Ted Simons: The business community is watching the budget process closely to see how it will affect Arizona's business climate. Earlier I spoke with Todd Sanders, president and C.E.O. of the greater Phoenix Chamber of Commerce, the state's largest and oldest chamber with over 3,000 members. And Todd, thanks for joining us on Horizon.

Todd Sanders: It's my pleasure, thanks for having me.

Ted Simons: Let's talk about your membership. The members of the greater Phoenix Chamber of Commerce who are they?

Todd Sanders: Well, we're the largest chamber in the state of Arizona, about 3400 members, really just a really broad diverse cross-section of our state. And so you can see on any given day you could see a plumber, you could see the sign printing folks, the large community leaders of our state like S.R.P. and A.P.S., it really is just about everything you can imagine in the state of Arizona.

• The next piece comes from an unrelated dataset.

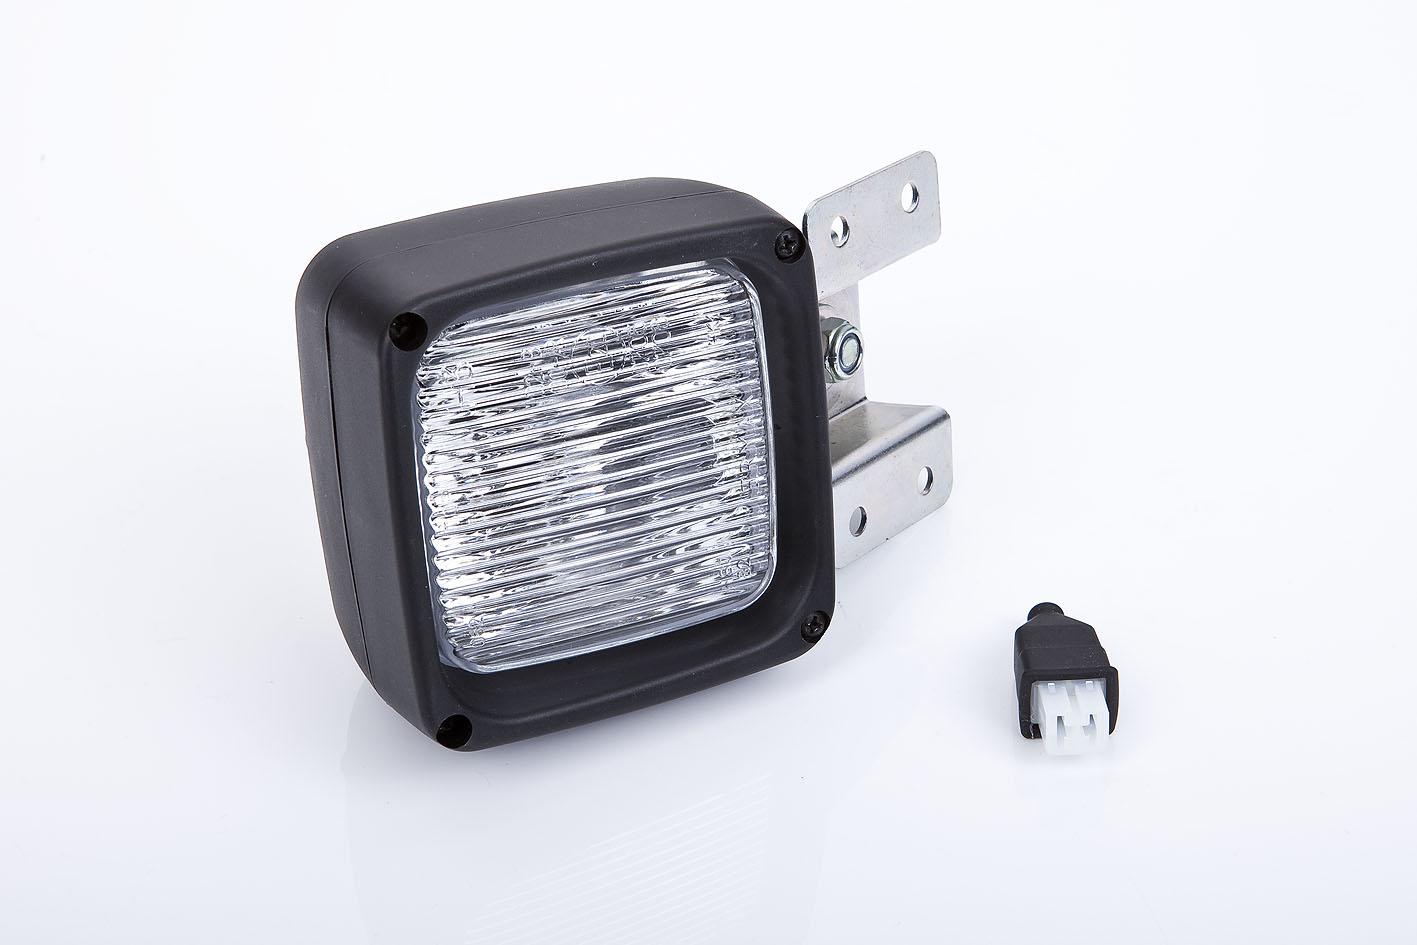 r ckfahrscheinwerfer beleuchtung fahrzeugelektrik. Black Bedroom Furniture Sets. Home Design Ideas
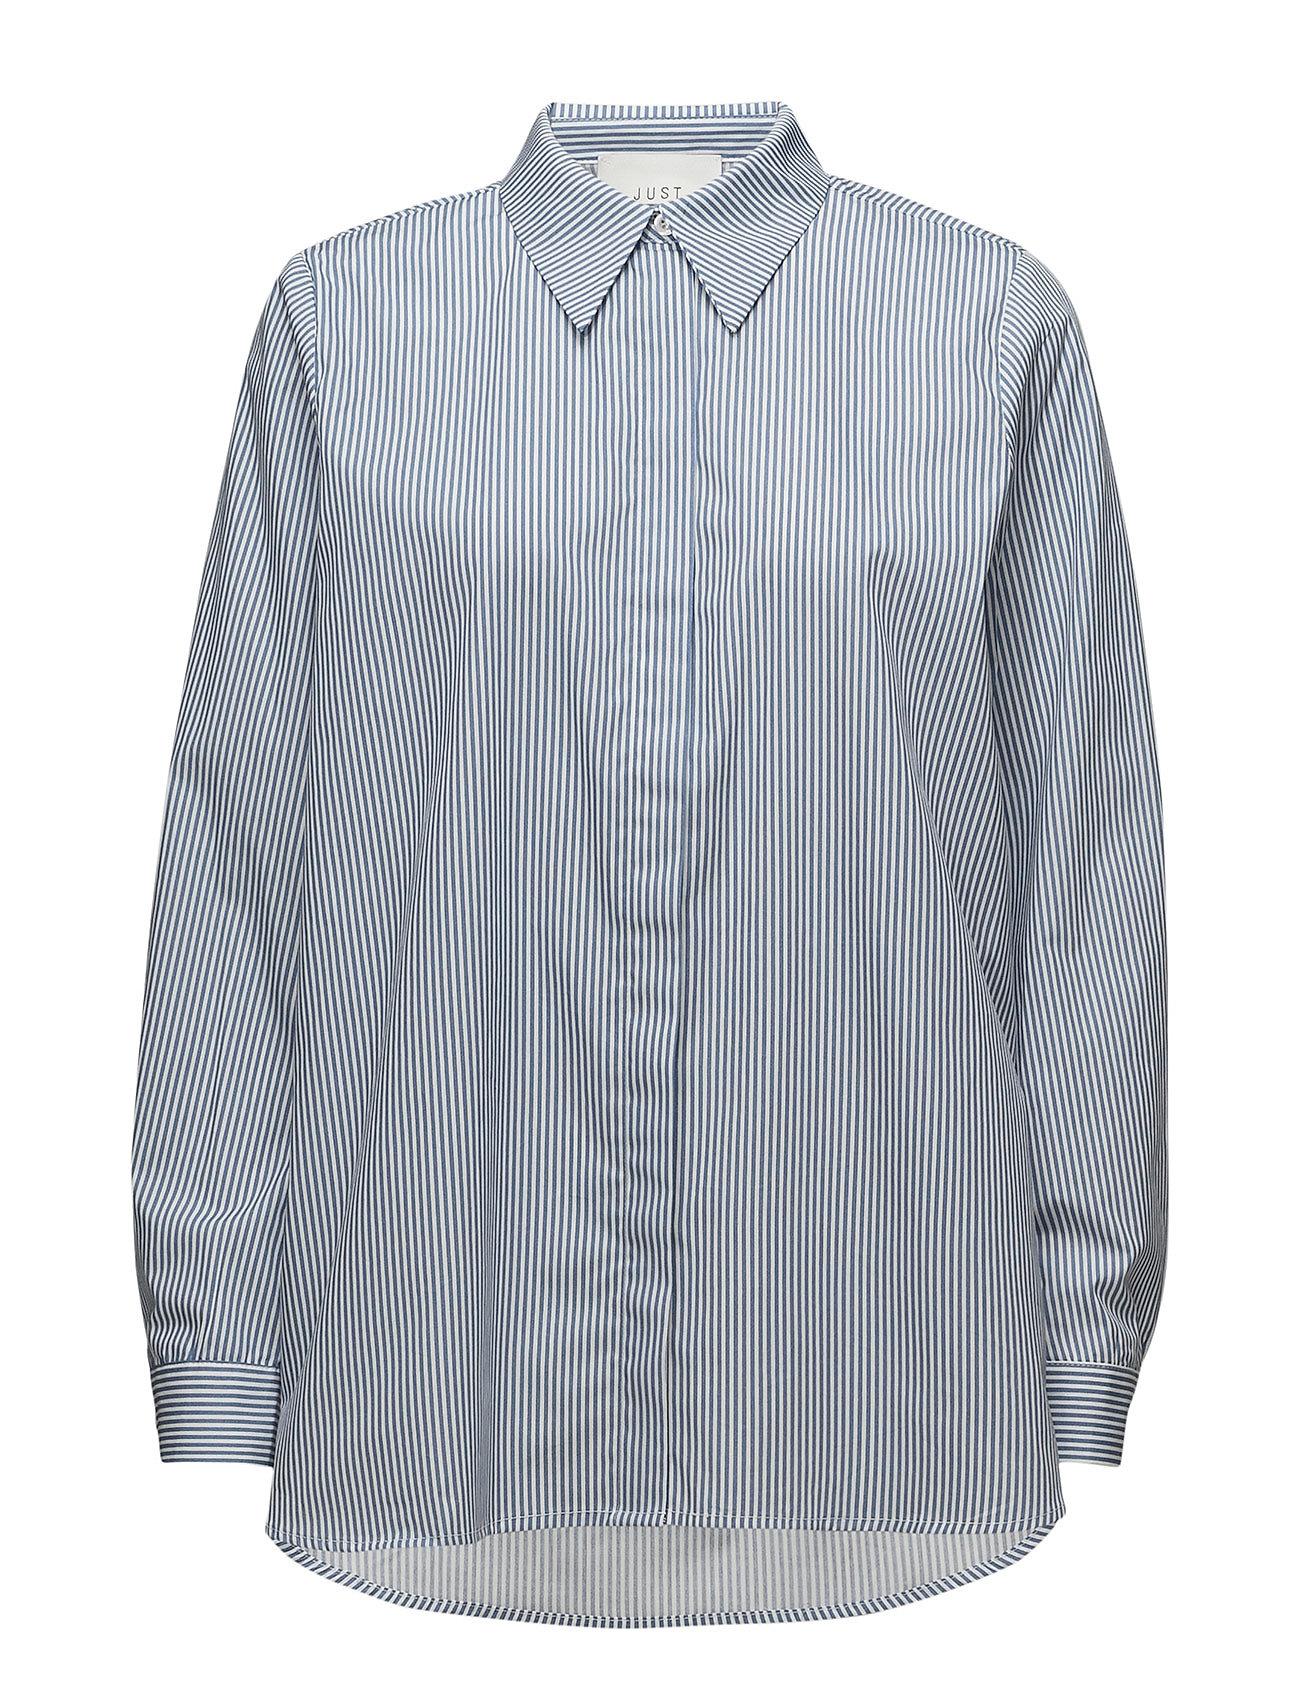 Image of Timeo Shirt Langærmet Skjorte Blå Just Female (3052621077)

Ted Simons: The benefits of a regional chamber of commerce as opposed to individual smaller units.

Todd Sanders: Well, I think for us having that large membership is really important because we can provide, you know, that value proposition, what's important to the folks across our region, in a very effective way. The other place where I think that's really important is the fact that when we're supporting our members at the state legislature, that voice in government, having the voice of such a broad cross-section of our state is really important.

Ted Simons: Let's talk about that voice. What is that voice calling for at the capitol?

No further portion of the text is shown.